Structure of the human SOS1 gene. A, Genomic organization of the SOS1 gene. The exons and introns are represented as vertical and horizontal lines, respectively. The sizes of each intron are shown in kb. B, cDNA structure of the SOS1 gene. The location of each exons are shown with the nucleotide numbers (bp). Since we did not determine the exact termini of the SOS1 cDNA, the N- and C-terminals are marked with dashed lines. The translation start and stop codon are labeled as ATG and TGA, respectively. The asterisk (*) marks the single-nucleotide (C) insertion between nucleotides 3248 and 3249. The 5′ and 3′ UTRs are shaded. C, Structure of the wild-type SOS1 protein.

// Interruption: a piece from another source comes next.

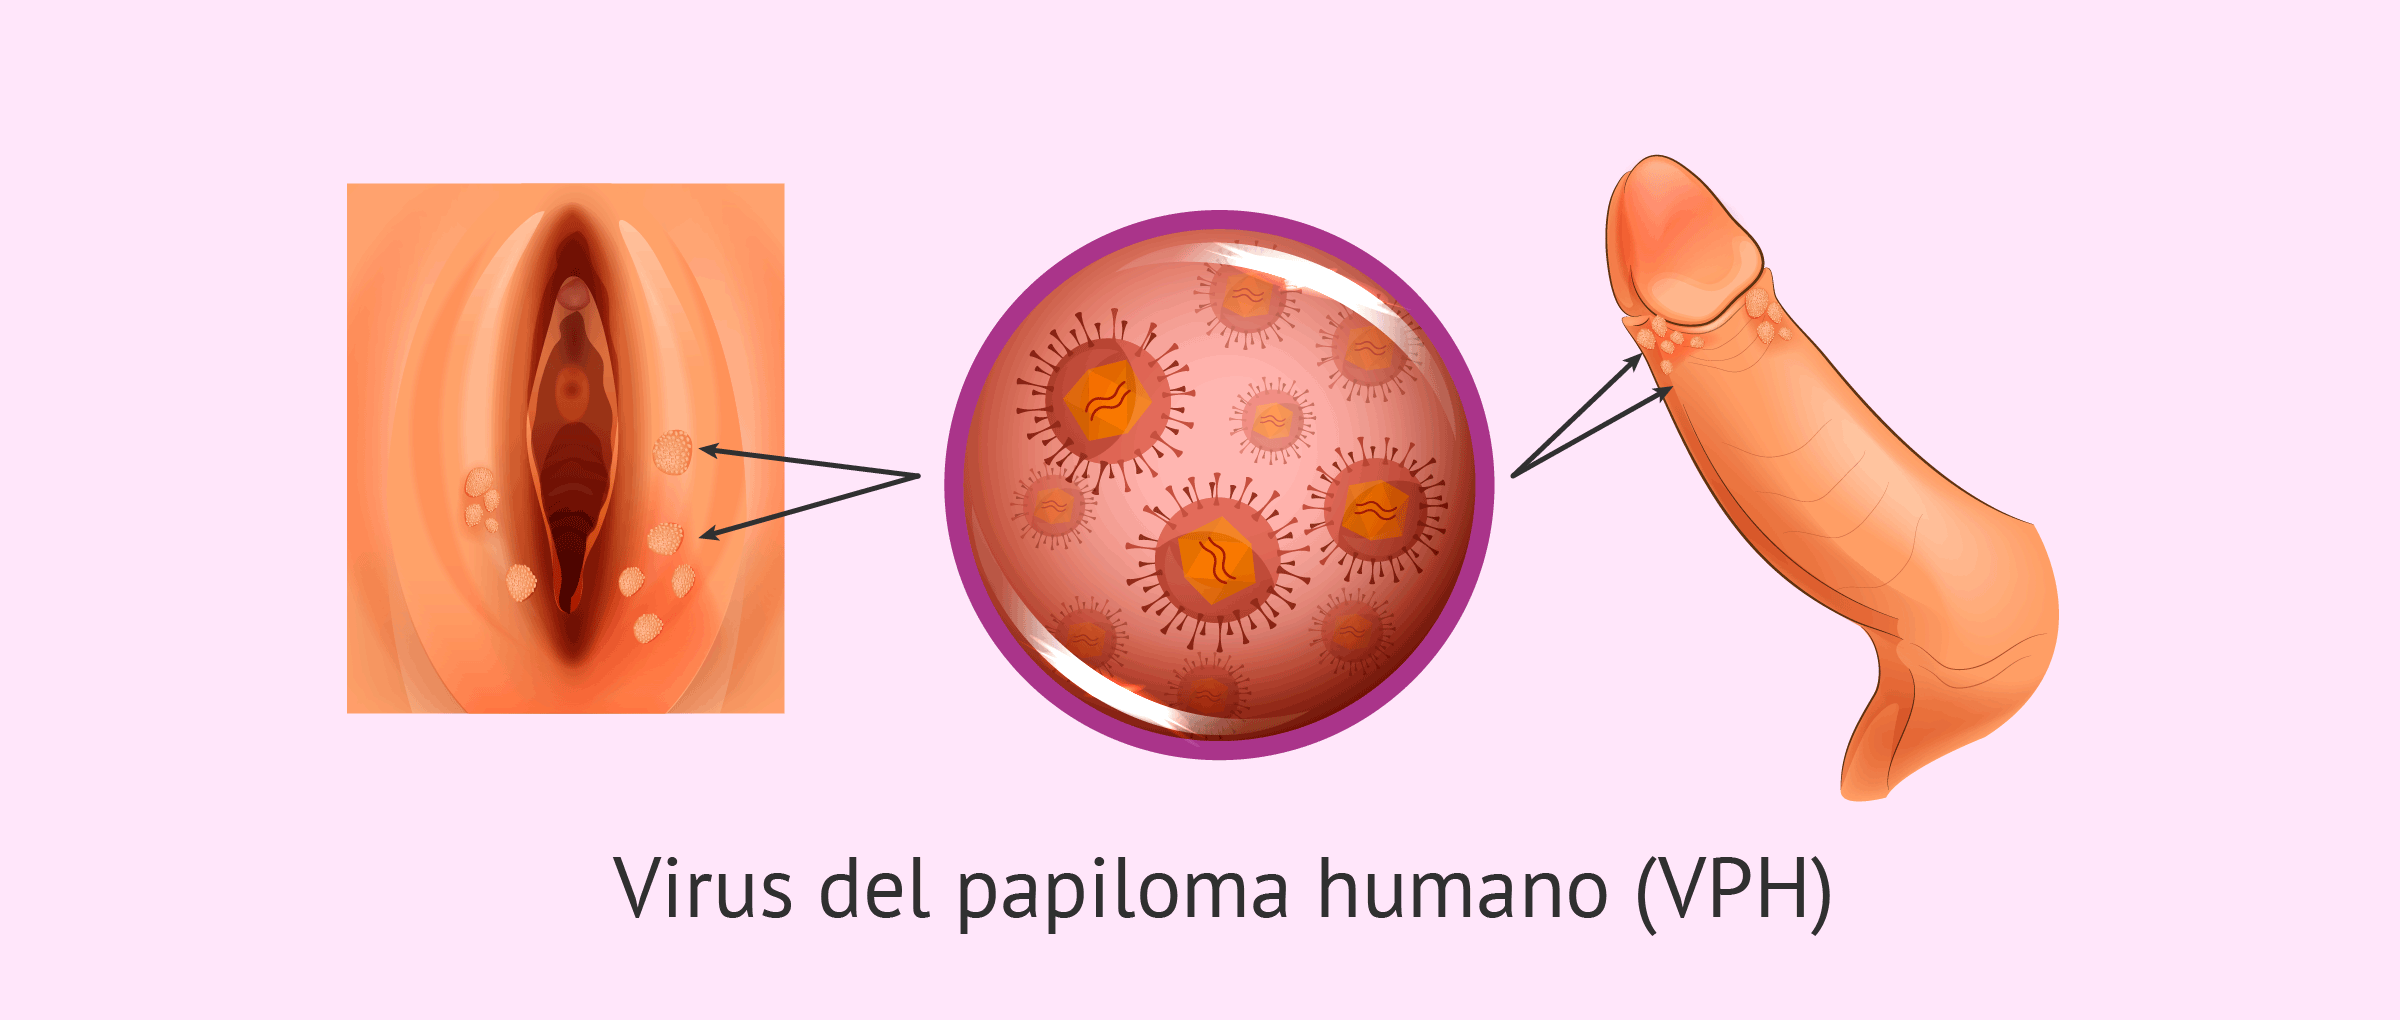 viermi tubifex hpv vescica sintomi

The location of each domain is marked by the amino acid numbers, with the initiation Met as amino acid 1. RhoGEF = guanine nucleotide-exchange factor for the Rho-Rac/cdc42-like GTPases region. PH = Pleckstrin homology domain. RasGEFN = guanine nucleotide-exchange factor for Ras-like GTPases; N-terminal motif. RasGEF = guanine nucleotide-exchange factor for Ras-like GTPases. PRGB = proline-rich Grbs-binding domain. In the PRGB domain, the location of the four proline-rich SH3 binding sites and the five phosphorylated serine residues are indicated by P and S, respectively. Codon 1083 (proline), where the single-nucleotide insertion occurs in HGF1, is indicated as P₁₀₈₃. D, Structure of the mutant SOS1 protein identified in patients with HGF. The 22–amino acid missense addition at the C-terminal end are marked with a black-diamond pattern.